At last…let us recap

  • Q-Learning is a value-based reinforcement learning algorithm which is used to find the optimal action-selection policy using a Q function.
  • Our goal is to maximize the value function Q.
  • The Q table helps us to find the best action for each state.
  • It helps to maximize the expected reward by selecting the best of all possible actions.
  • Q(state, action) returns the expected future reward of that action at that state.
  • This function can be estimated using Q-Learning, which iteratively updates Q(s,a) using the Bellman equation.
  • Initially we explore the environment and update the Q-Table. When the Q-Table is ready, the agent will start to exploit the environment and start taking better actions.

Next time we’ll work on a deep Q-learning example.

Until then, enjoy AI ?.

Important: As stated earlier, this article is the second part of my “Deep Reinforcement Learning” series.

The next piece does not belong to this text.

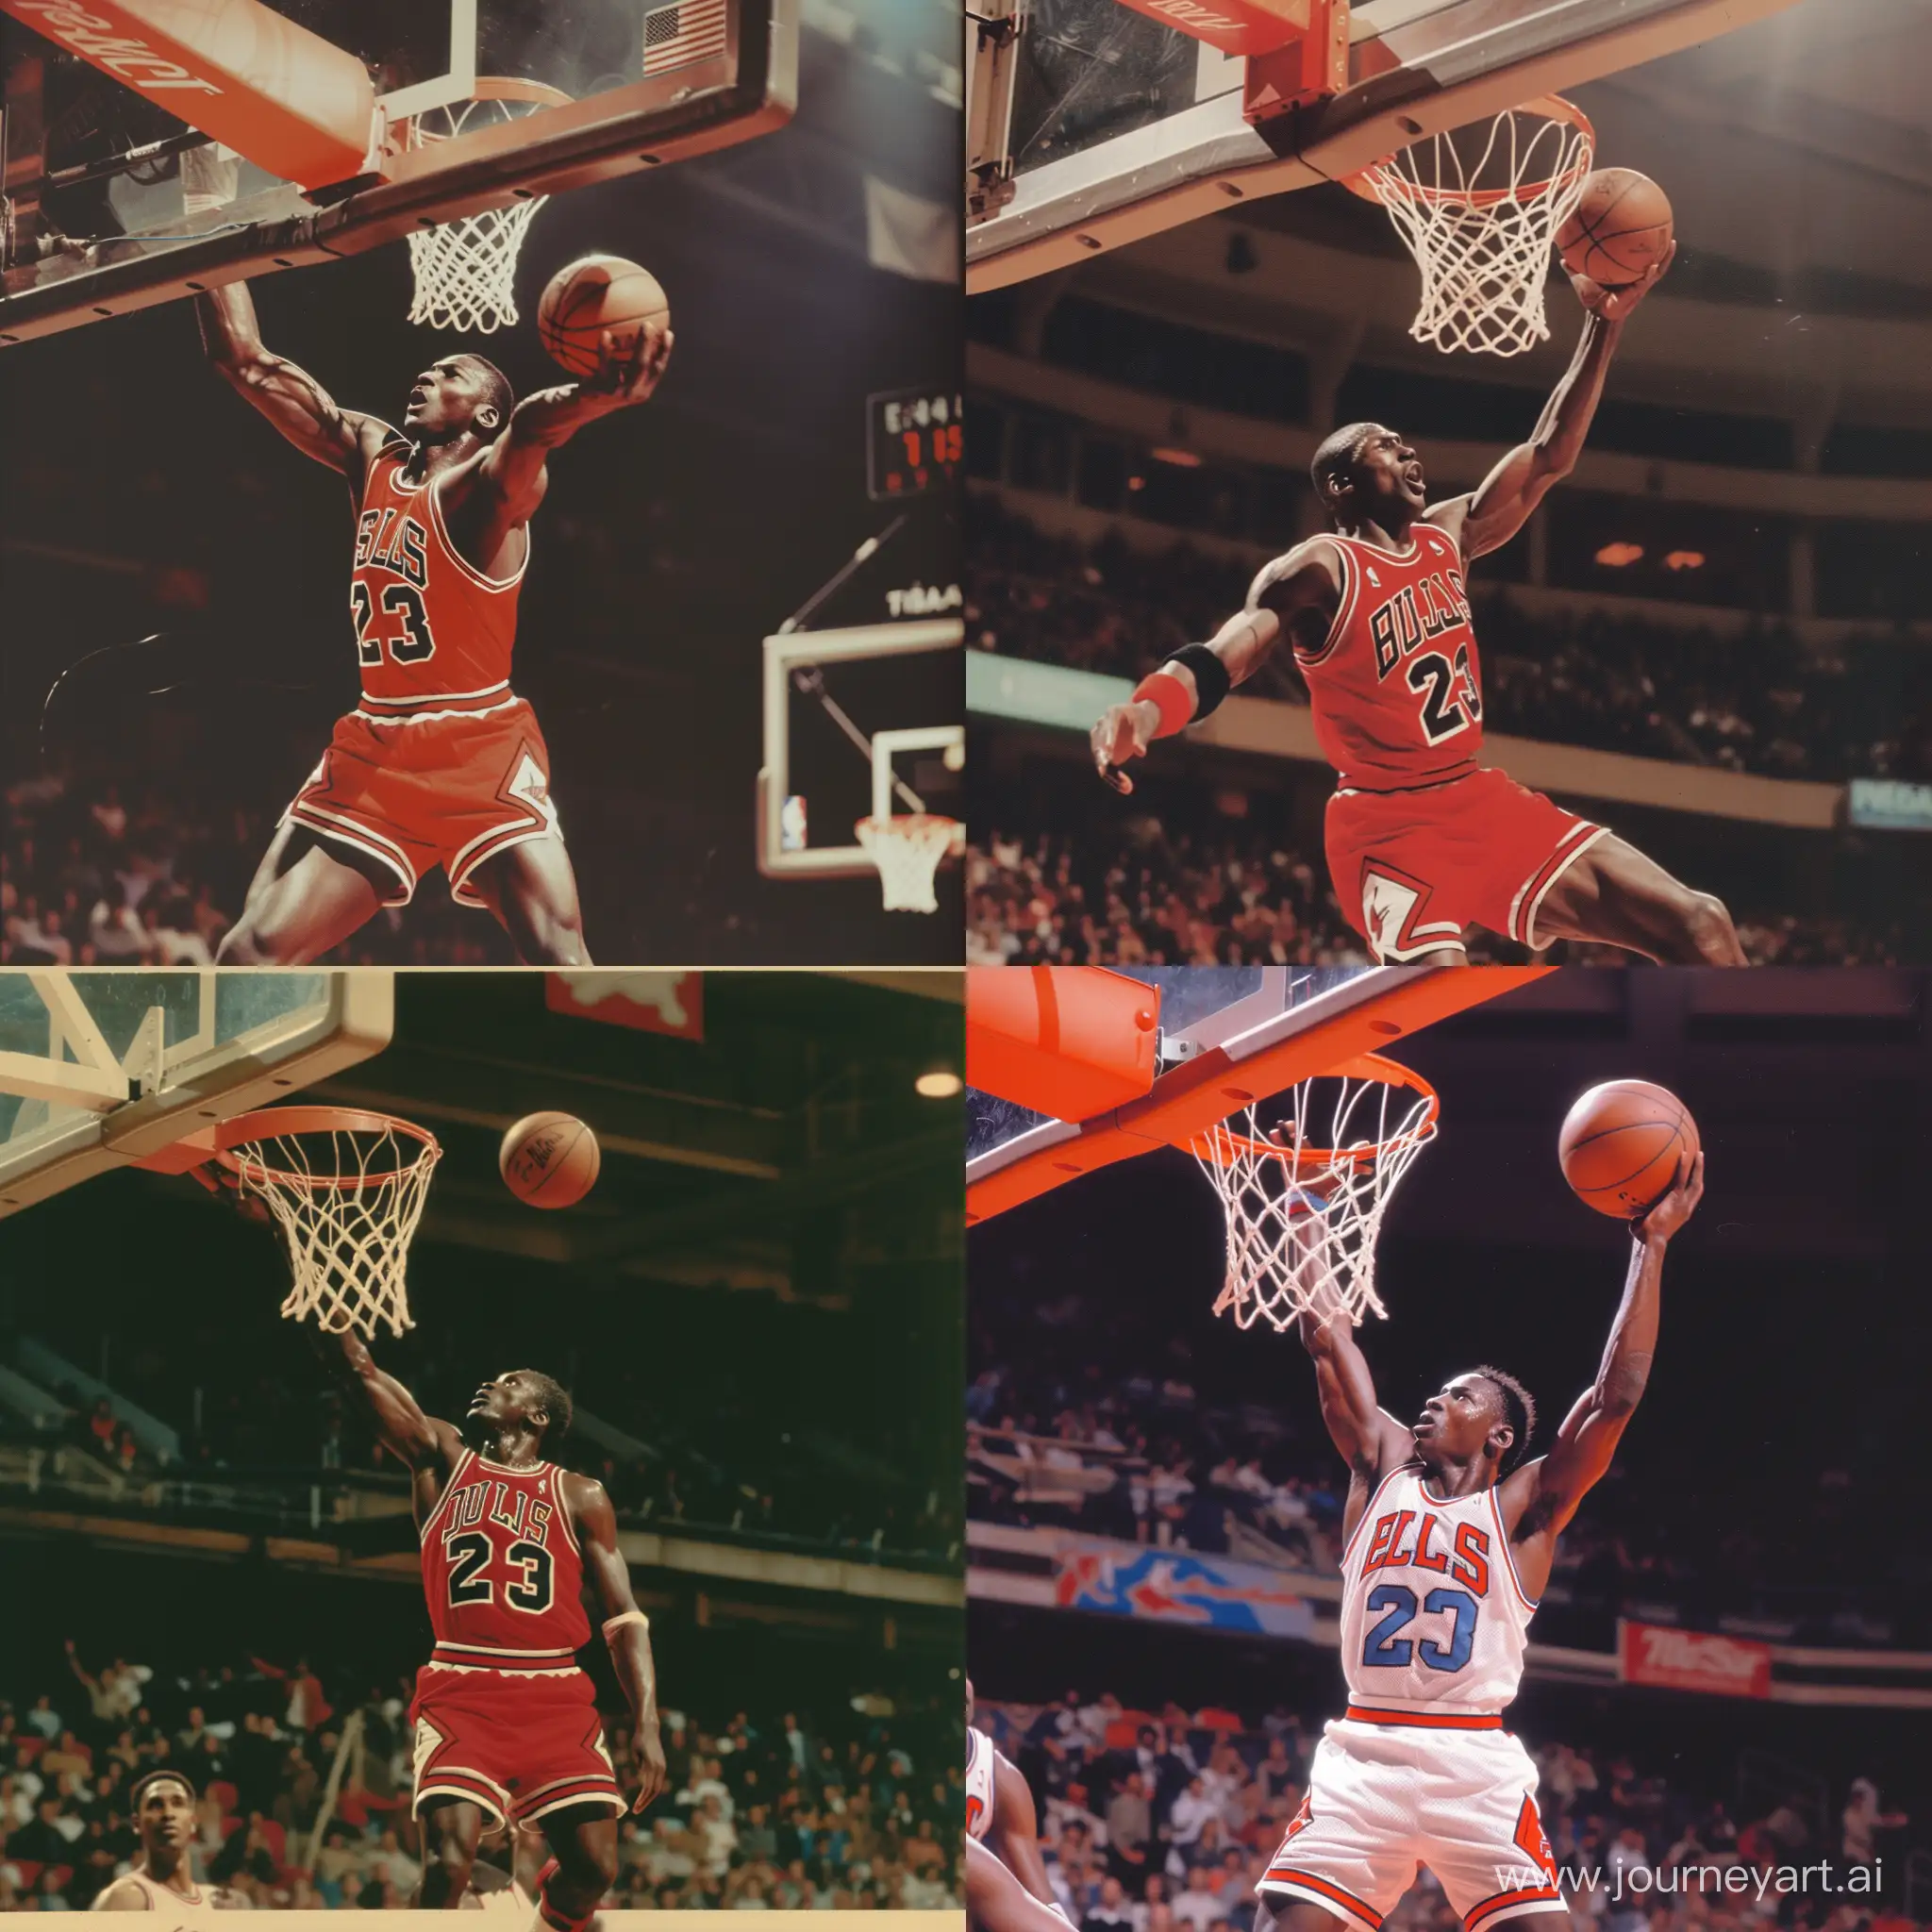 Michael-Jordans-Iconic-1980s-Dunk-Basketball-Legend-Soaring-to-Victory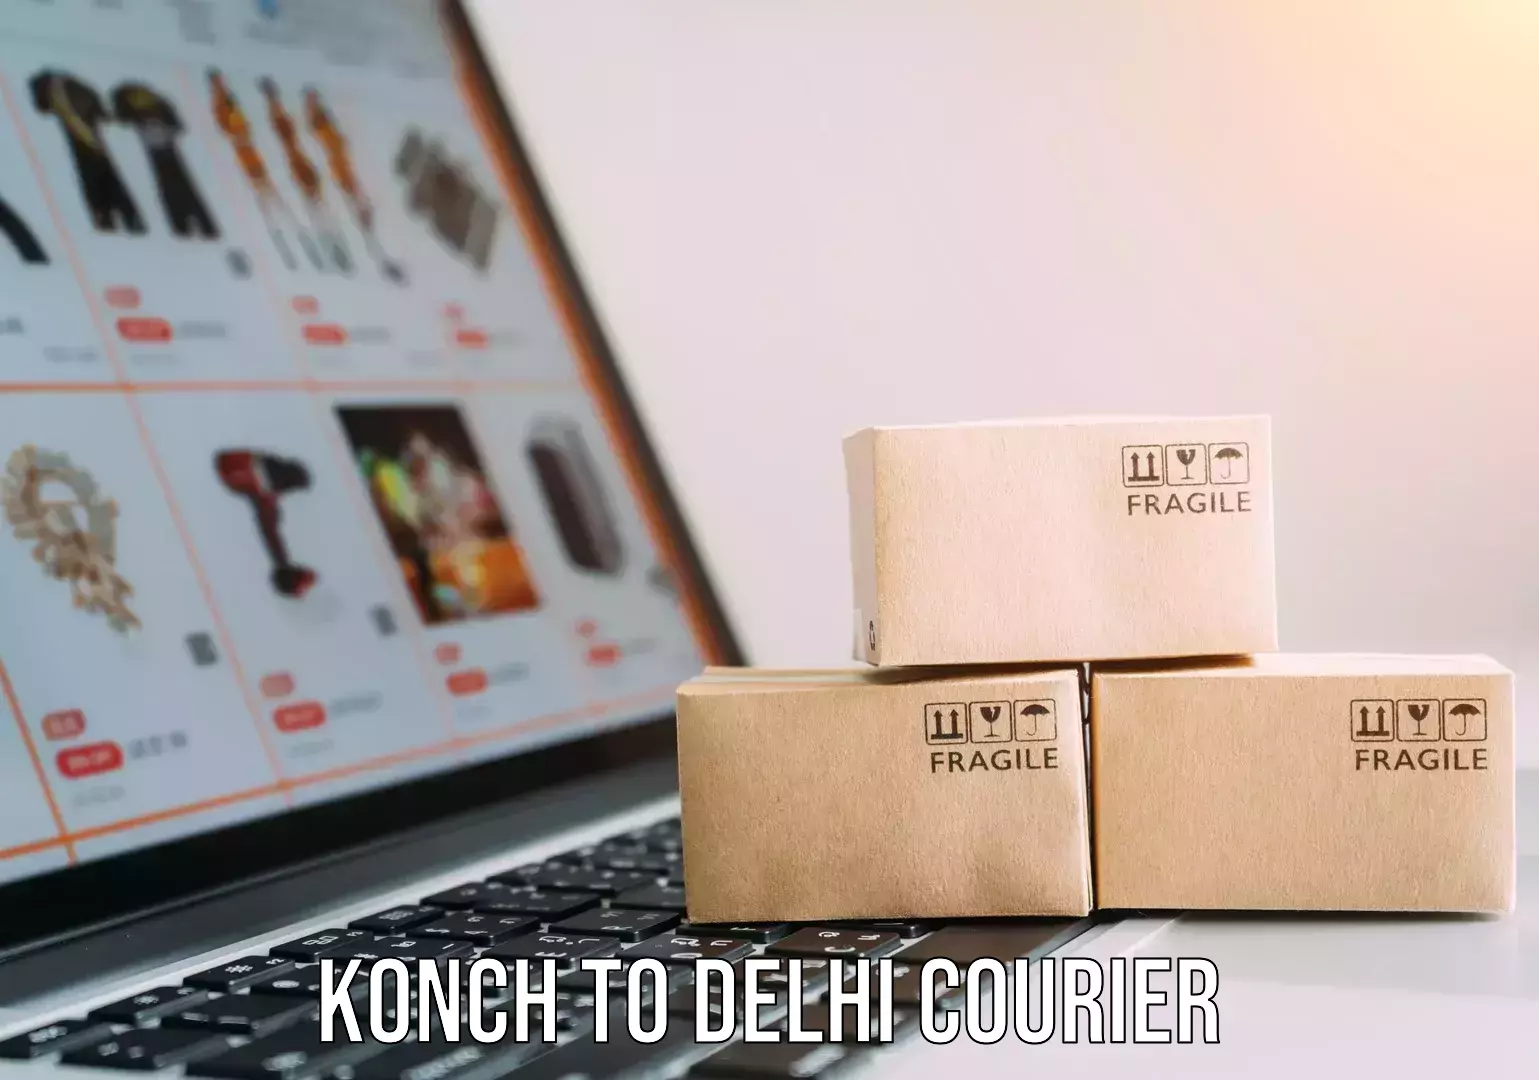 Furniture relocation experts Konch to Delhi

The complete series shall be available both in articles on Medium and in videos on my YouTube channel.

If you liked my article, please click the ? to help me stay motivated to write articles. Please follow me on Medium and other social media:

An introduction to Q-Learning: reinforcement learning (14)
An introduction to Q-Learning: reinforcement learning (15)
An introduction to Q-Learning: reinforcement learning (16)

If you have any questions, please let me know in a comment below or on Twitter.

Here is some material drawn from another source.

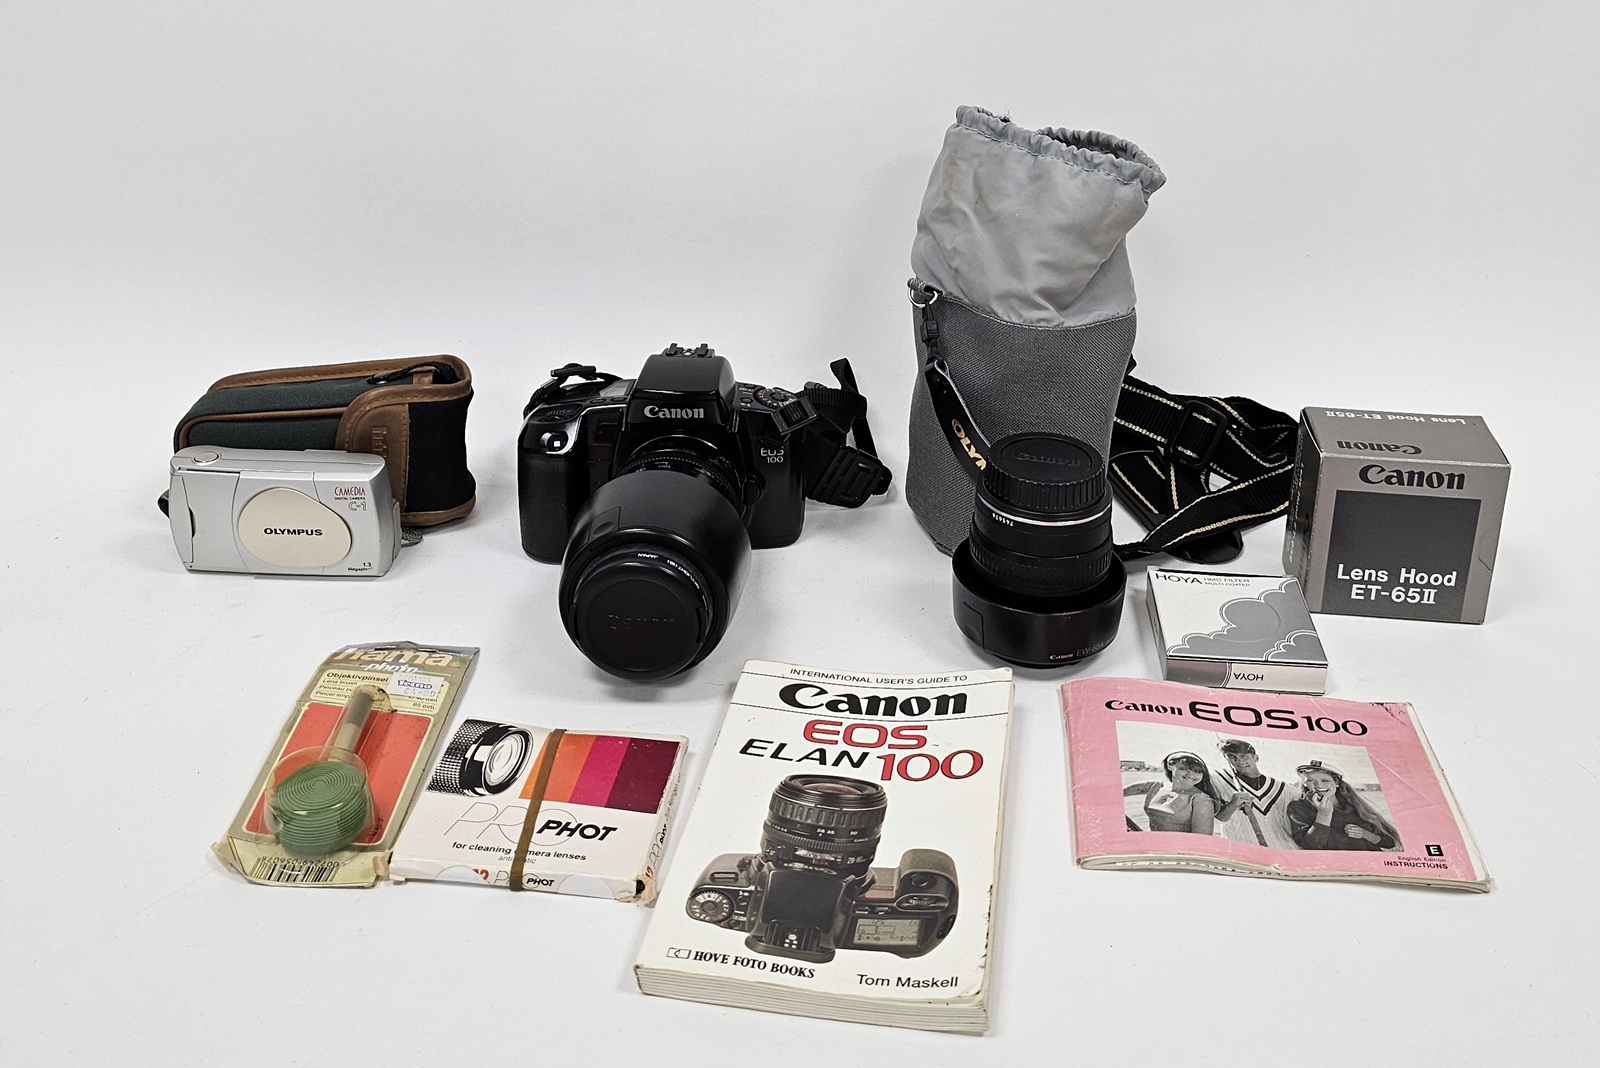 Canon EOS100 camera with Canon zoom lens and other camera equipment - Image 2 of 3

Subscribe to my YouTube channel for more tech videos.

ADVERTIsem*nT

ADVERTIsem*nT

ADVERTIsem*nT

ADVERTIsem*nT

ADVERTIsem*nT

ADVERTIsem*nT

ADVERTIsem*nT

ADVERTIsem*nT

If this article was helpful, .

Learn to code for free. freeCodeCamp's open source curriculum has helped more than 40,000 people get jobs as developers. Get started

ADVERTIsem*nT

An introduction to Q-Learning: reinforcement learning (2024)
Top Articles
The Nikki Catsouras death - HERE the incredible photos | Horror Galore
Remembering Nikki Catsouras: The Tragic and Haunting Photos - This Week in Libraries
ALLEN 'CHAINSAW' KESSLER | LAS VEGAS, NV, United States
Vons Credit Union Routing Number
Ann Taylor Assembly Row
Darshelle Stevens Thothub
What Is Carrier Default App? Everything You Need To Know - Mobile Soon
The 10 Best Drury Hotels in the United States
Lojë Shah me kompjuterin në internet. Luaj falas
Large Storage Unit Nyt Crossword
American Airlines Companion Certificate Blackout Dates 2023
Schmidt & Schulta Funeral Home Obituaries
Wall Street Journal Currency Exchange Rates Historical
Best Charter Schools Tampa
Warped Pocket Dimension
Slmd Skincare Appointment
Craigslist Tools Las Cruces Nm
8042872020
ZQuiet Review | My Wife and I Both Tried ZQuiet for Snoring
Uca Cheerleading Nationals 2023
Brise Stocktwits
Emmi Sellers Cheerleader
Gopher Hockey Forum
Www.publicsurplus.com Motor Pool
Cool Motion matras kopen bij M line? Sleep well. Move better
Sdn Upstate 2023
Foreign Languages Building
Orileys Auto Near Me
Work with us | Pirelli
Ufc 281 Tapology
Used Fuel Tanks For Sale Craigslist
Operation Fortune Showtimes Near Century Rio 24
Megan Hall Bikini
Mcdonald Hours Near Me
Sentara Norfolk General Visiting Hours
The Abduction of Heather Teague
Ridgid Pro Tool Storage System
Scholastic to kids: Choose your gender
Donald Vacanti Obituary
Alt J Artist Presale Code
Fedex Express Location Near Me
cGMP vs GMP: What's the Difference? | Ascendia Pharma
Best Th13 Base
Leuke tips & bezienswaardigheden voor een dagje Wijk bij Duurstede
Claudy Jongstra on LinkedIn: Tonight at 7 PM opens NAP+, a new, refreshing and enriching addition to…
Topic: Prisoners in the United States
Thoren Bradley Lpsg
Lesson 8 Skills Practice Solve Two-Step Inequalities Answer Key
Why Did Jen Lewis Leave Wavy 10
Wrdu Contests
Pnp Telegram Group
tweedehands auto kopen in Gilze en Rijen
Latest Posts
Article information

Author: Dr. Pierre Goyette

Last Updated:

Views: 5430

Rating: 5 / 5 (70 voted)

Reviews: 93% of readers found this page helpful

Author information

Name: Dr. Pierre Goyette

Birthday: 1998-01-29

Address: Apt. 611 3357 Yong Plain, West Audra, IL 70053

Phone: +5819954278378

Job: Construction Director

Hobby: Embroidery, Creative writing, Shopping, Driving, Stand-up comedy, Coffee roasting, Scrapbooking

Introduction: My name is Dr. Pierre Goyette, I am a enchanting, powerful, jolly, rich, graceful, colorful, zany person who loves writing and wants to share my knowledge and understanding with you.